• [PROBLEM TO SOLVE] Don't include any picture when you restate the data word for word.

• [THE DATA]

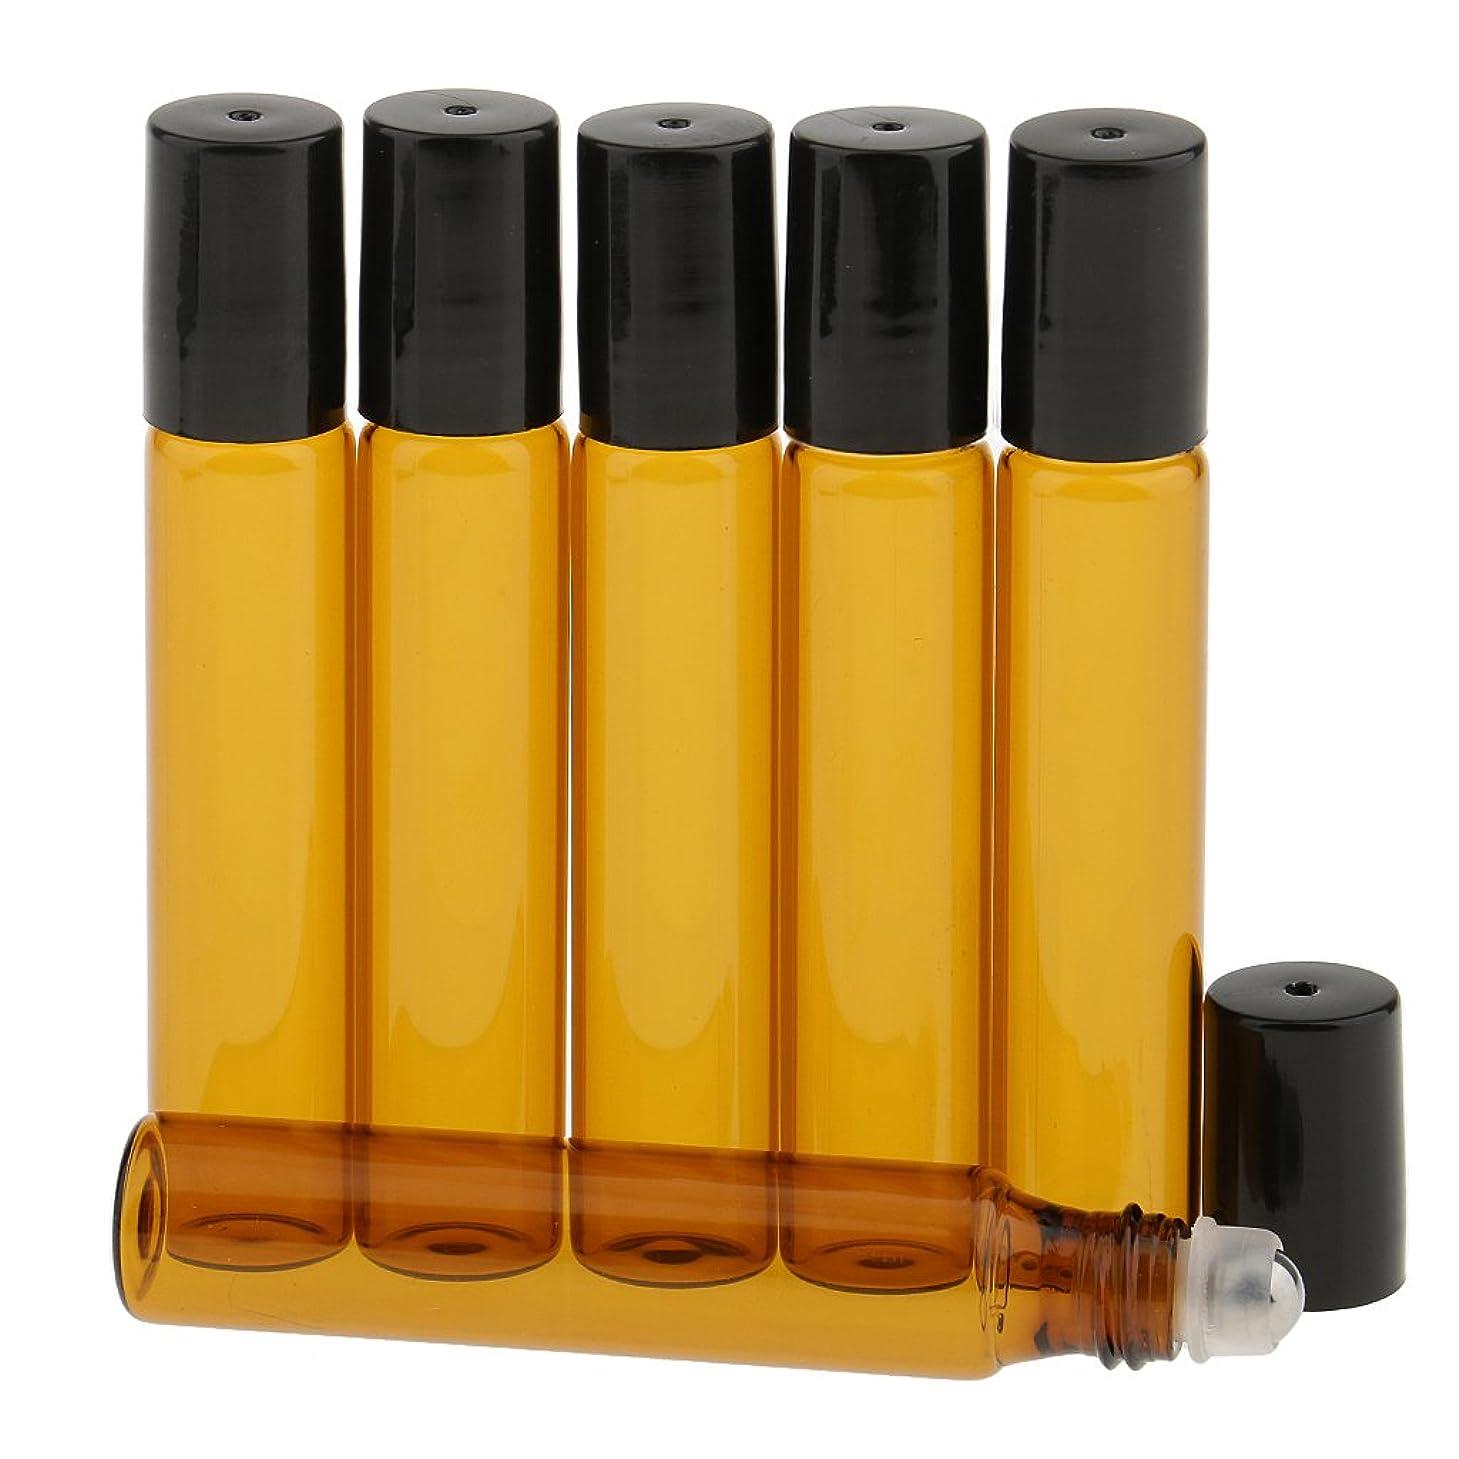 操作バン定規T TOOYFUL 香水分装 化粧ボトル ガラスロール 詰め替え可能 旅行用 光避けデザイン 6本入り
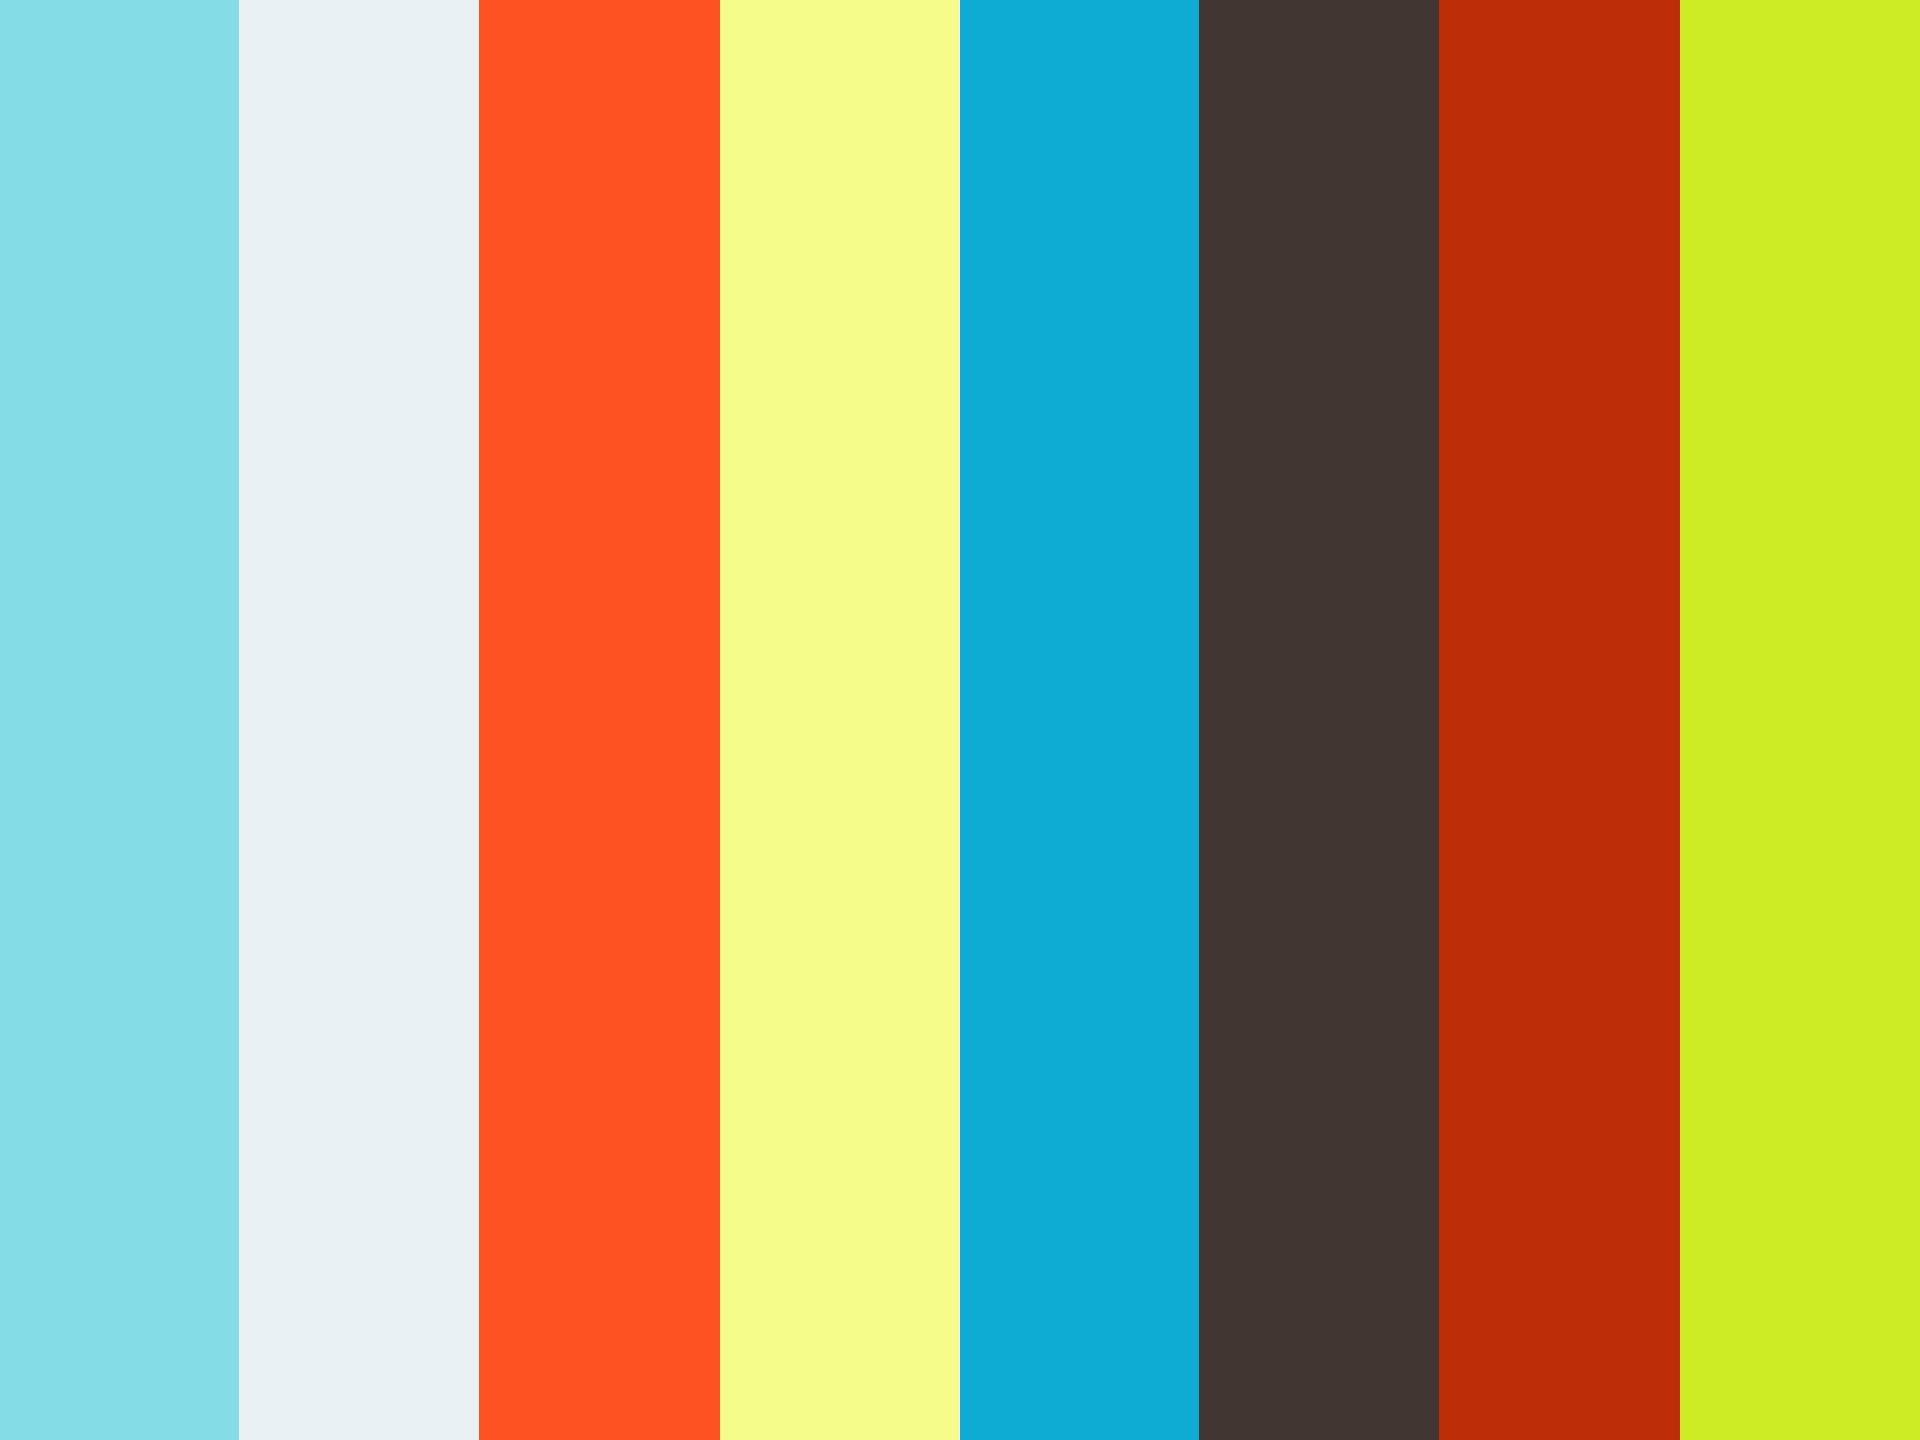 https://i.vimeocdn.com/filter/overlay?src0=https%3A%2F%2Fi.vimeocdn.com%2Fvideo%2F604714838_1280x720.jpg
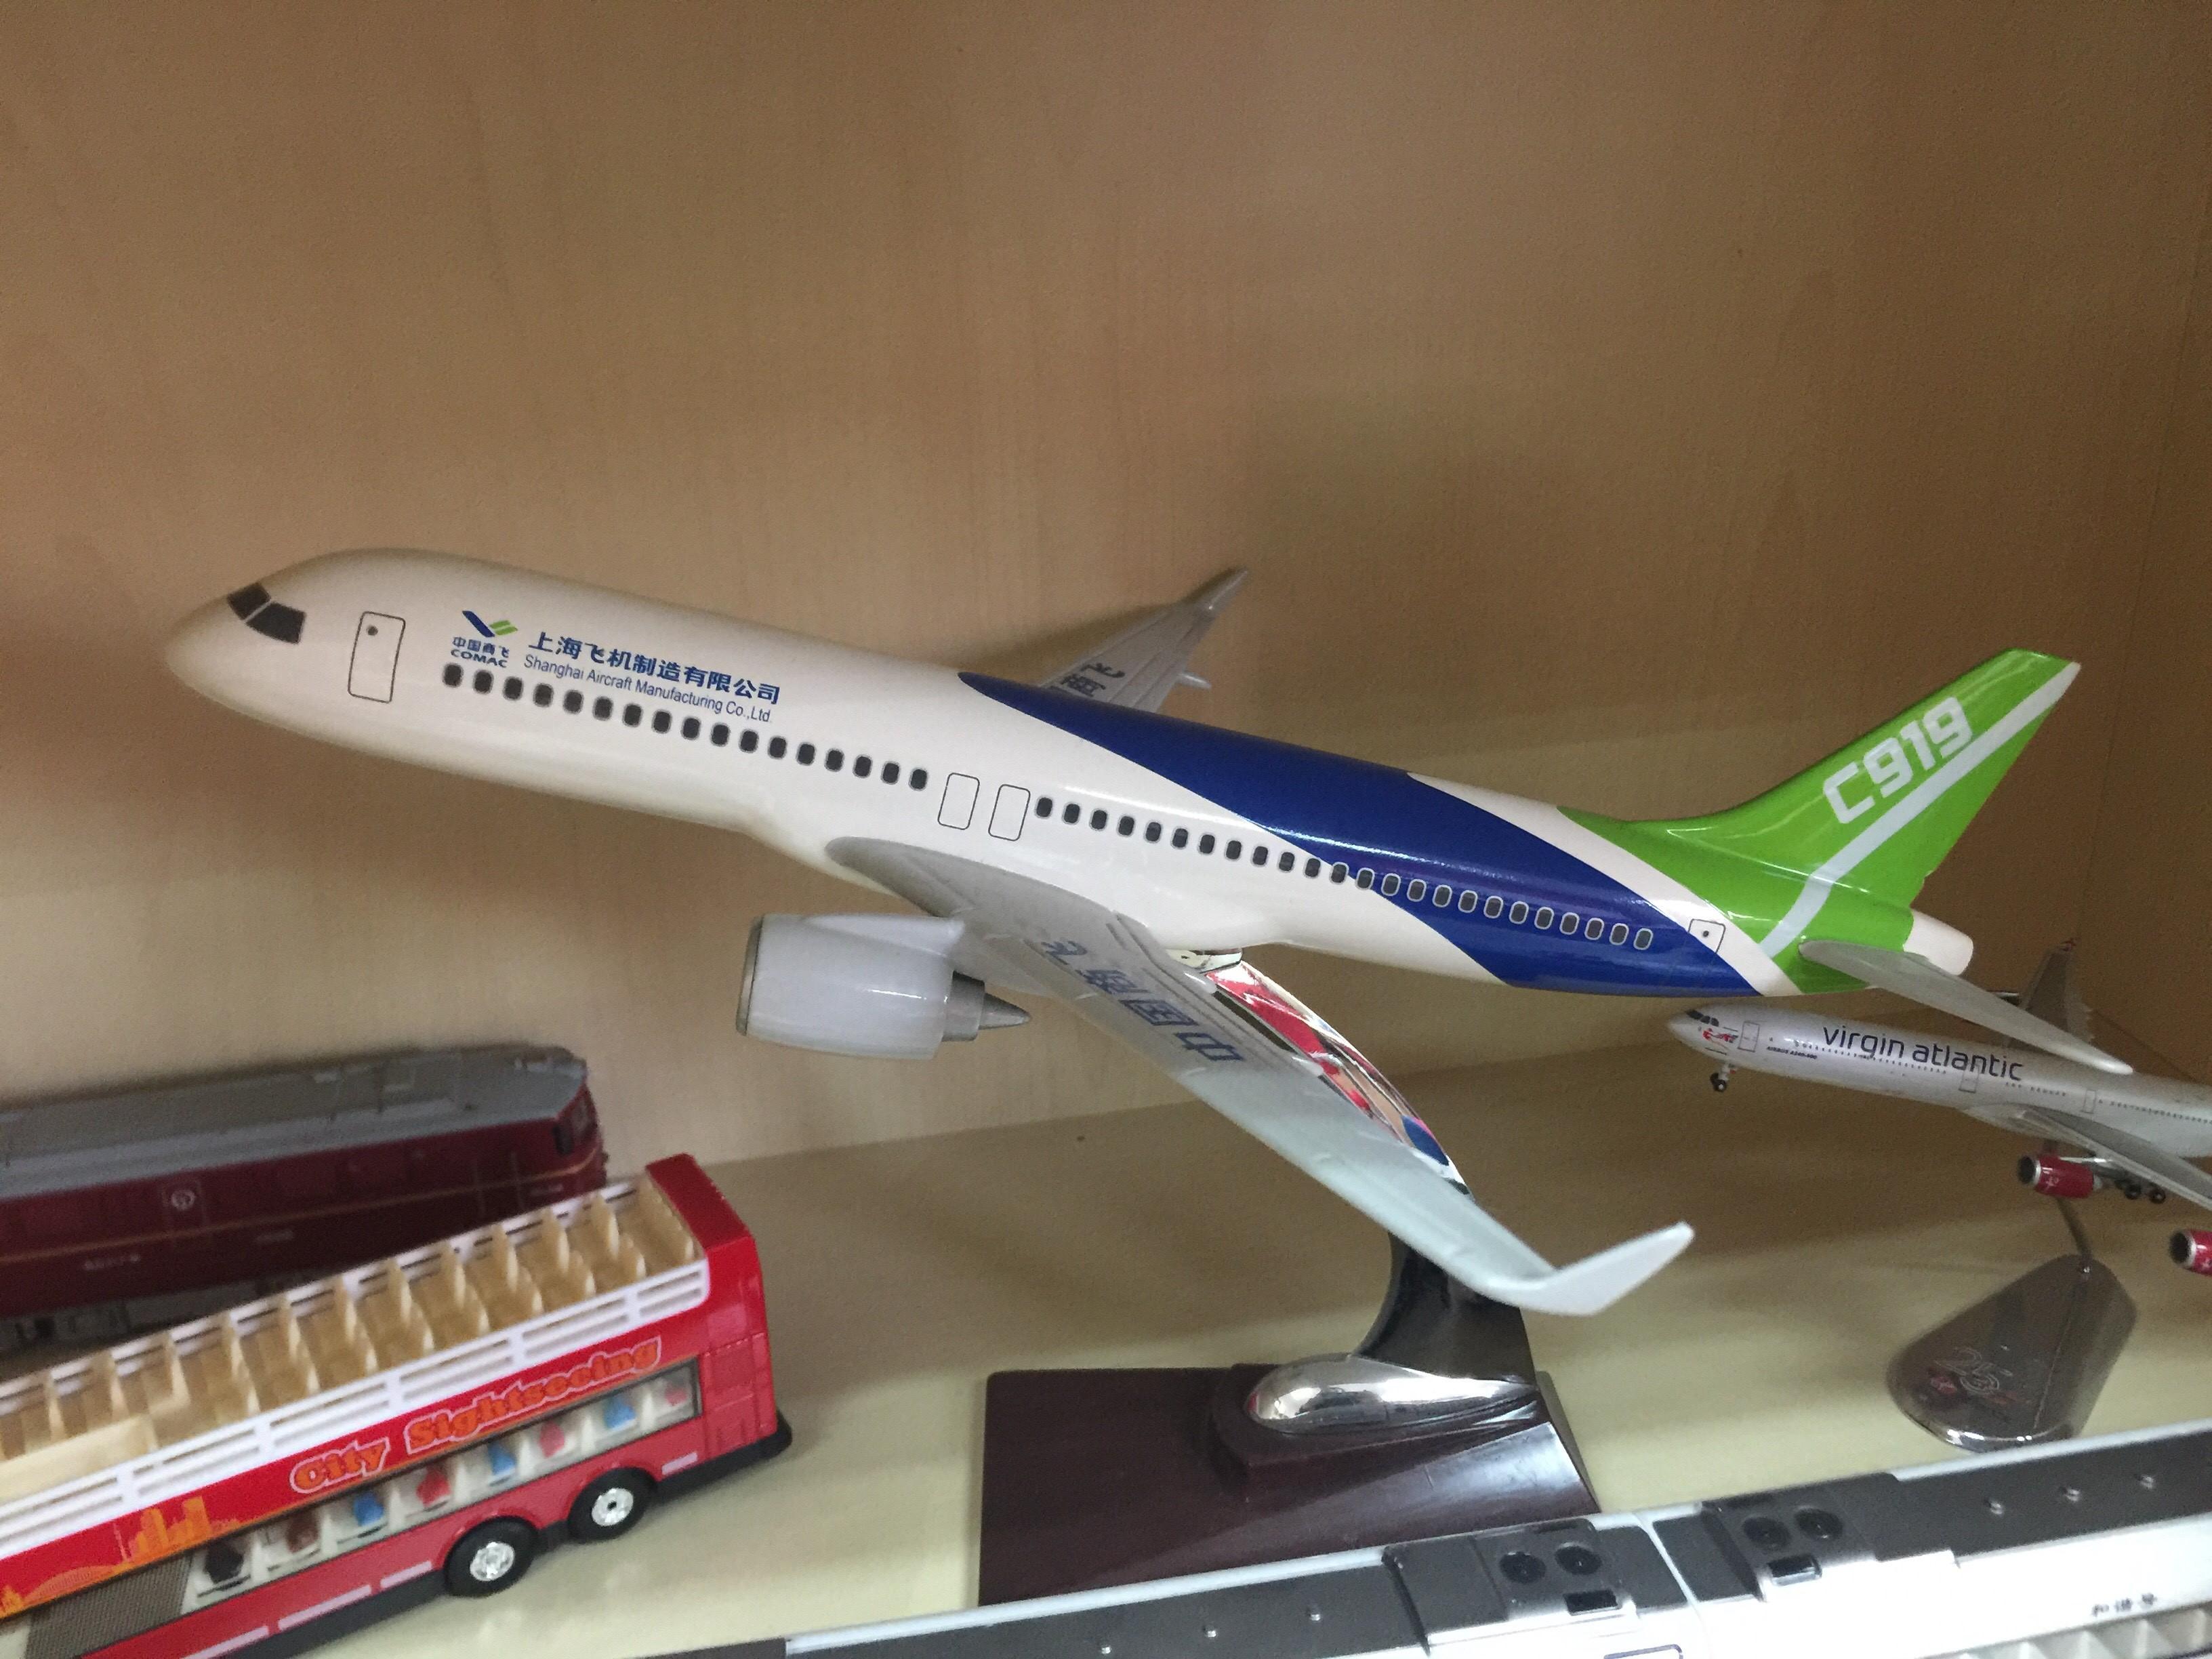 CAPAStudyAbroad_From Colin Speakman - C919 Model in CAPA Shanghai Office.jpg

• [SOLUTION TO THIS TASK]
 操作バン定規T TOOYFUL 香水分装 化粧ボトル ガラスロール 詰め替え可能 旅行用 光避けデザイン 6本入り
 https://i.vimeocdn.com/filter/overlay?src0=https%3A%2F%2Fi.vimeocdn.com%2Fvideo%2F604714838_1280x720.jpg
 CAPAStudyAbroad_From Colin Speakman - C919 Model in CAPA Shanghai Office.jpg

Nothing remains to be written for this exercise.